6.8 KiB
6.8 KiB
id, title, category, status, source_trust_level, verification_status, created_at, updated_at, tags, tech_stack, applied_in, aliases
| id | title | category | status | source_trust_level | verification_status | created_at | updated_at | tags | tech_stack | applied_in | aliases | ||||||||||||||||
|---|---|---|---|---|---|---|---|---|---|---|---|---|---|---|---|---|---|---|---|---|---|---|---|---|---|---|---|
| data-eng-schema-registry | Schema Registry — Avro / Protobuf / 호환성 | Coding | draft | B | conceptual | 2026-05-09 | 2026-05-09 |
|
|
|
Schema Registry
Streaming / messaging 의 schema 진화 관리. Producer = schema register, Consumer = schema fetch. Confluent Schema Registry, Apicurio.

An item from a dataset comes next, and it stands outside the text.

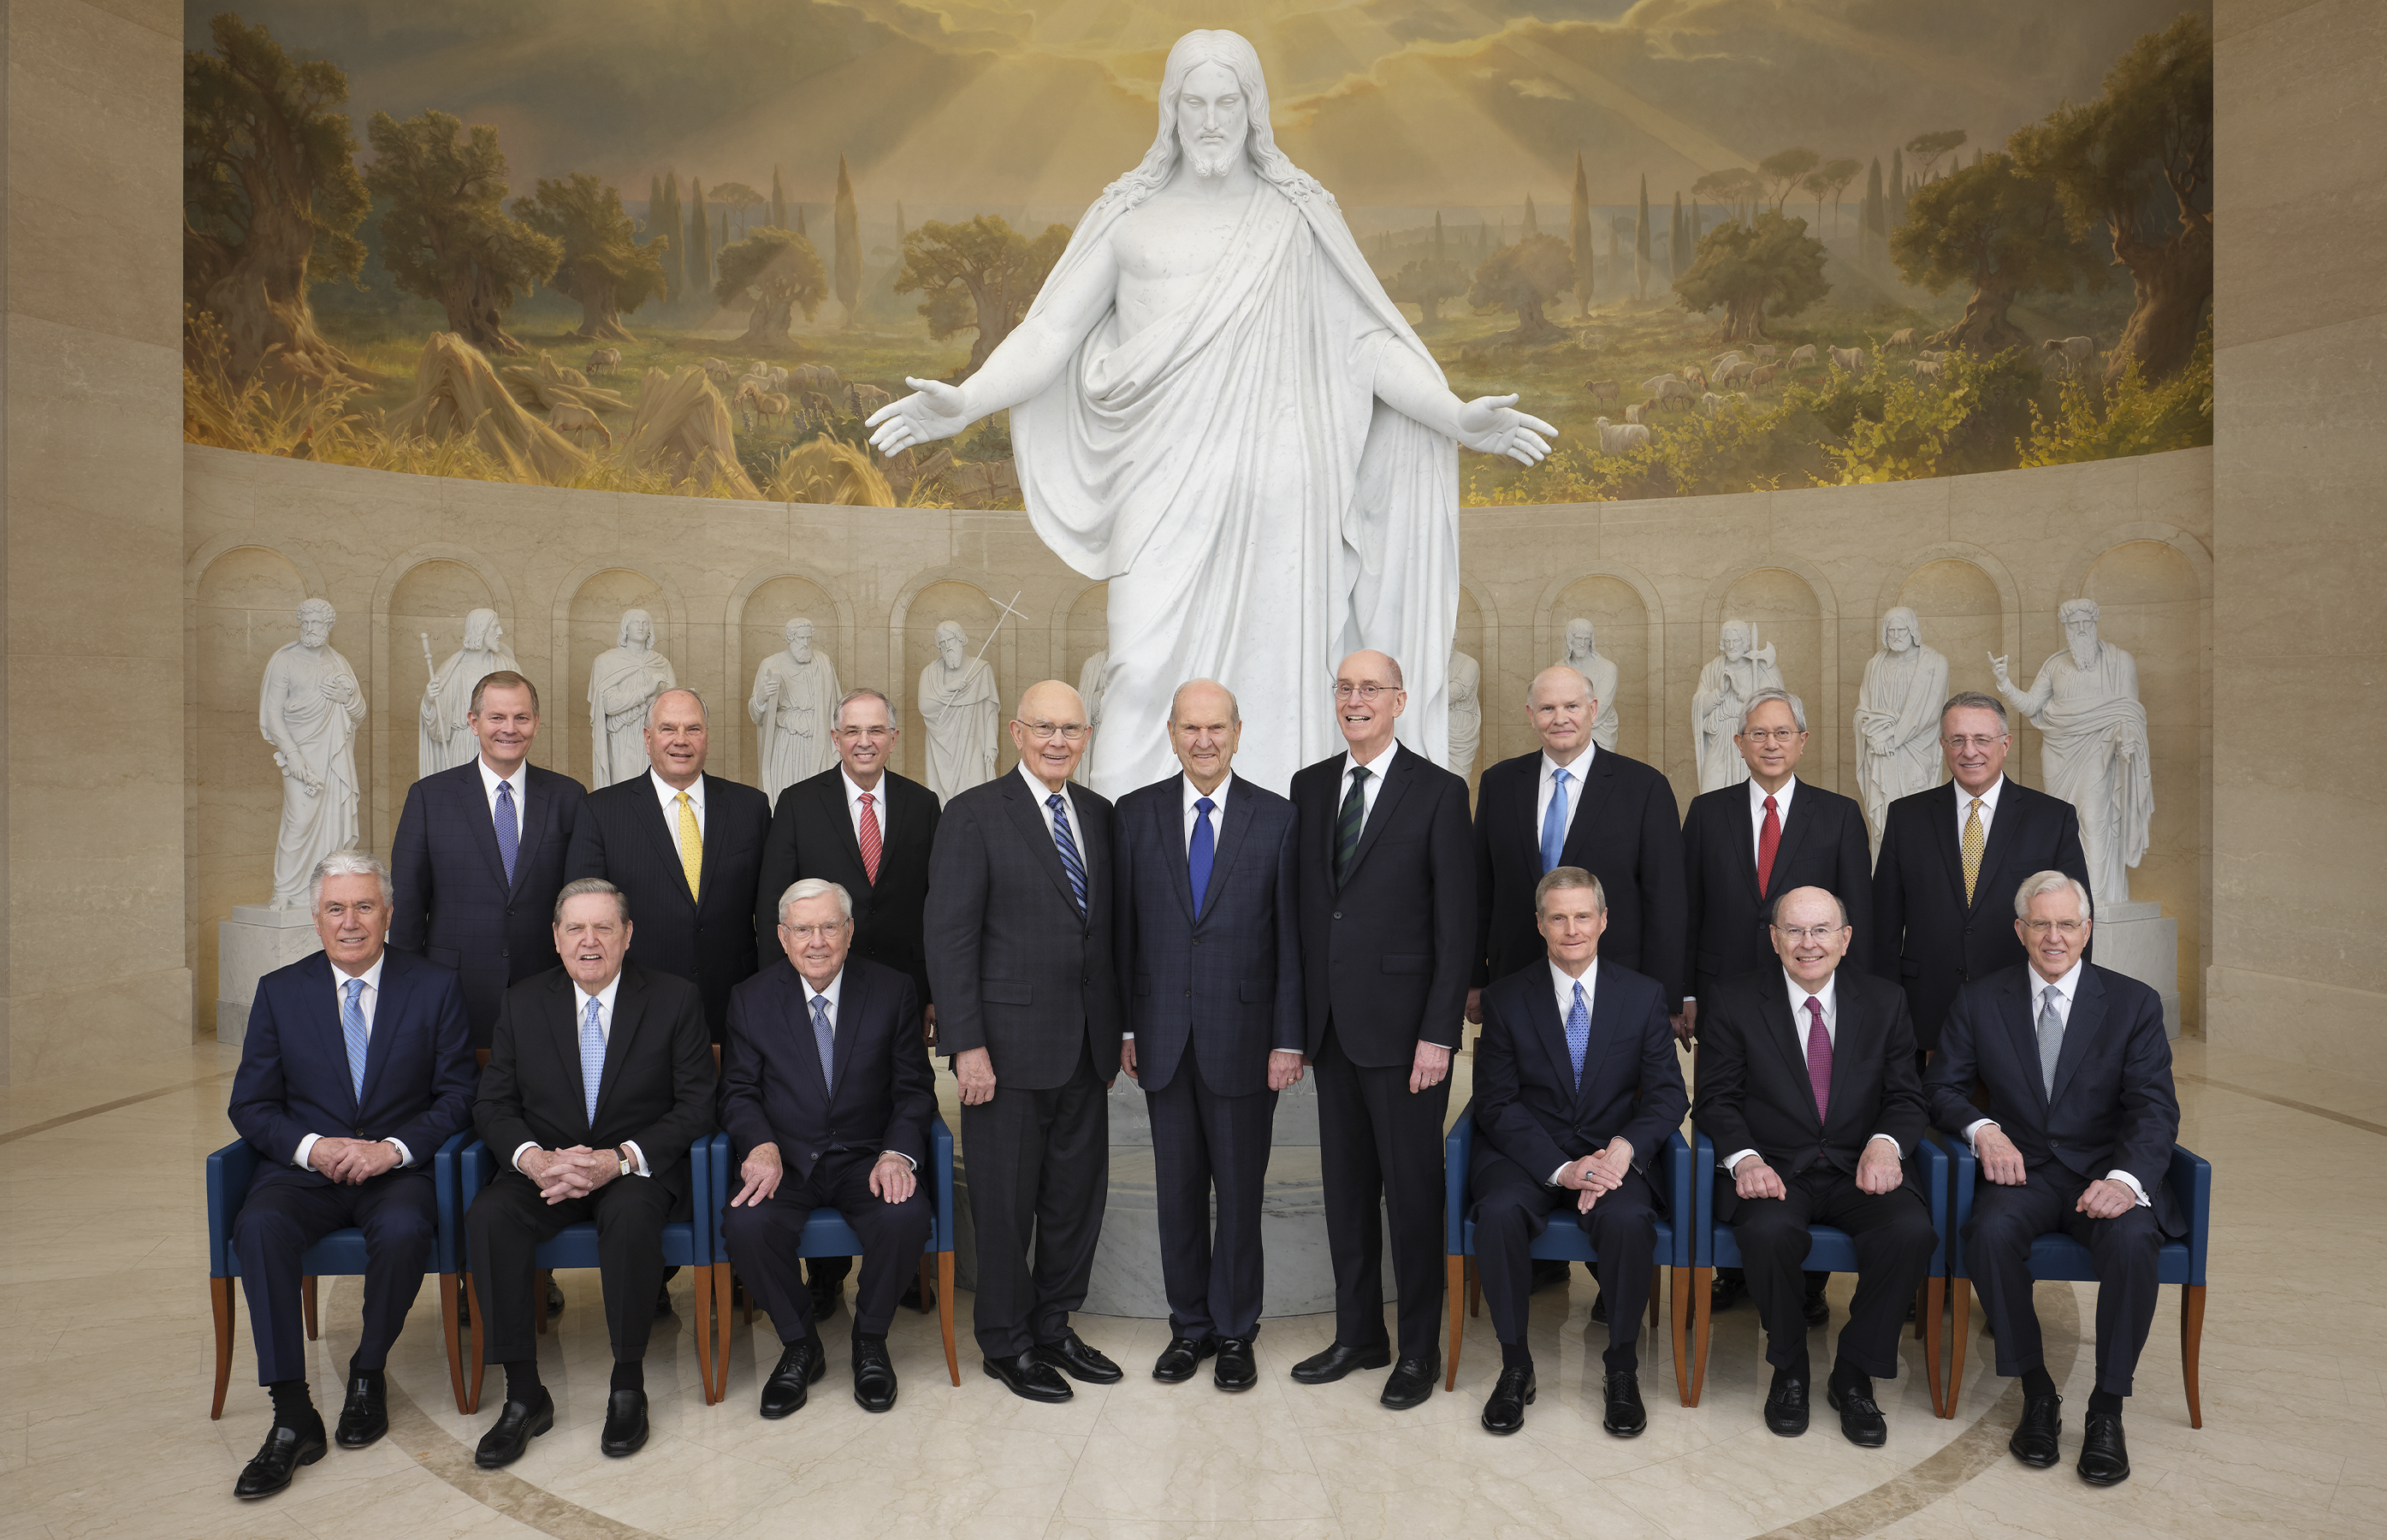 All the members of the First Presidency and the Quorum of the Twelve Apostles are seated or standing with the Christus Statue and statues of the Original Twelve at the Visitors' Center in Rome, Italy.  Front Left to Right: Dieter F. Uchtdorf, Jeffrey R. Holland, M. Russell Ballard, Dallin H. Oaks, Russell M. Nelson, Henry B. Eyring, David A. Bednar, Quentin L. Cook, D. Todd Christofferson, Gary E. Stevenson, Ronald A. Rasband, Neil L. Andersen, Dale G. Renlund, Gerrit W. Gong, Ulisses Soares
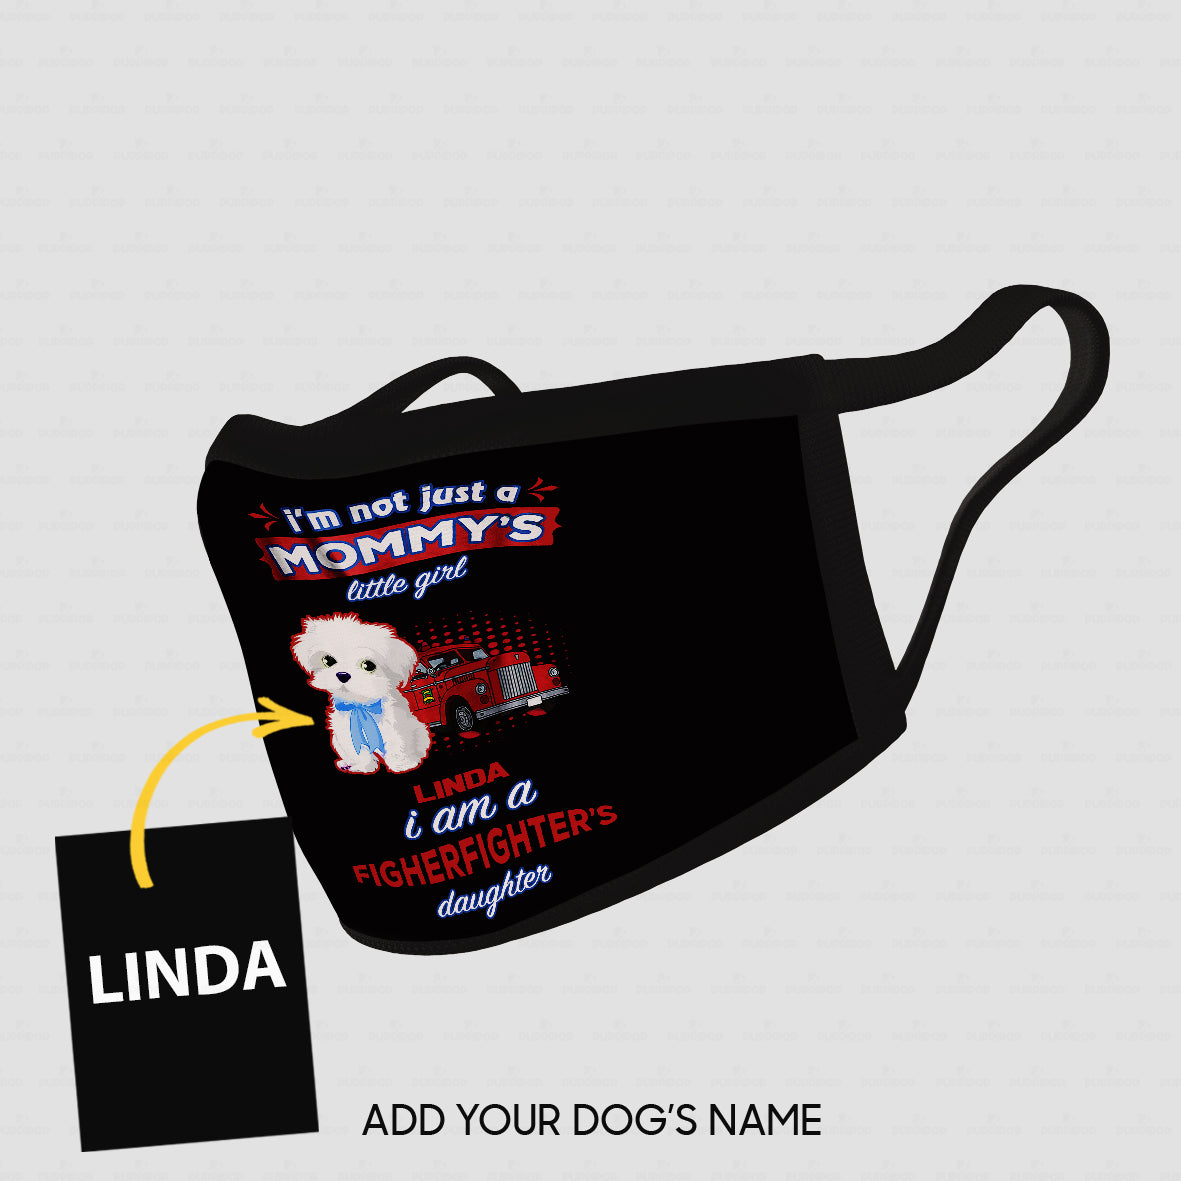 Personalized Dog Gift Idea - I'm Not Just A Mom, I Am Also A Firefighter For Dog Lovers - Cloth Mask

Avro / Protobuf / JSON Schema.
📖 핵심 개념
- Schema: 메시지 format.
- Subject: schema 의 namespace.
- Version: 진화 단계.
- Compatibility: 옛 / 새 호환.
💻 코드 패턴
Avro schema
{
"type": "record",
"name": "Order",
"namespace": "com.acme.events",
"fields": [
{ "name": "id", "type": "string" },
{ "name": "user_id", "type": "string" },
{ "name": "amount", "type": { "type": "bytes", "logicalType": "decimal", "precision": 10, "scale": 2 } },
{ "name": "created_at", "type": { "type": "long", "logicalType": "timestamp-millis" } }
]
}
등록
curl -X POST -H "Content-Type: application/vnd.schemaregistry.v1+json" \
--data '{"schema": "..."}' \
http://schema-registry:8081/subjects/orders-value/versions
Producer (KafkaJS + Avro)
import { SchemaRegistry, SchemaType } from '@kafkajs/confluent-schema-registry';
import { Kafka } from 'kafkajs';
const registry = new SchemaRegistry({ host: 'http://schema-registry:8081' });
const schema = `
{
"type": "record",
"name": "Order",
"fields": [...]
}`;
const { id } = await registry.register({ type: SchemaType.AVRO, schema });
const kafka = new Kafka({ brokers: ['kafka:9092'] });
const producer = kafka.producer();
await producer.connect();
const message = await registry.encode(id, { id: '...', user_id: '...', amount: '99.50', created_at: Date.now() });
await producer.send({ topic: 'orders', messages: [{ key: id, value: message }] });
Consumer
const consumer = kafka.consumer({ groupId: 'orders-processor' });
await consumer.subscribe({ topic: 'orders' });
await consumer.run({
eachMessage: async ({ message }) => {
const decoded = await registry.decode(message.value!);
console.log(decoded); // typed object
},
});
Protobuf
syntax = "proto3";
package com.acme.events;
message Order {
string id = 1;
string user_id = 2;
double amount = 3;
google.protobuf.Timestamp created_at = 4;
}
# Code generation
buf generate
# 또는 protoc
const { id } = await registry.register({ type: SchemaType.PROTOBUF, schema: protoSchema });
JSON Schema
{
"$schema": "http://json-schema.org/draft-07/schema#",
"title": "Order",
"type": "object",
"required": ["id", "user_id", "amount", "created_at"],
"properties": {
"id": { "type": "string", "format": "uuid" },
"user_id": { "type": "string" },
"amount": { "type": "string", "pattern": "^\\d+\\.\\d{2}$" },
"created_at": { "type": "integer" }
}
}
Compatibility 정책
BACKWARD: 새 schema 가 옛 데이터 read 가능 (consumer first 업그레이드)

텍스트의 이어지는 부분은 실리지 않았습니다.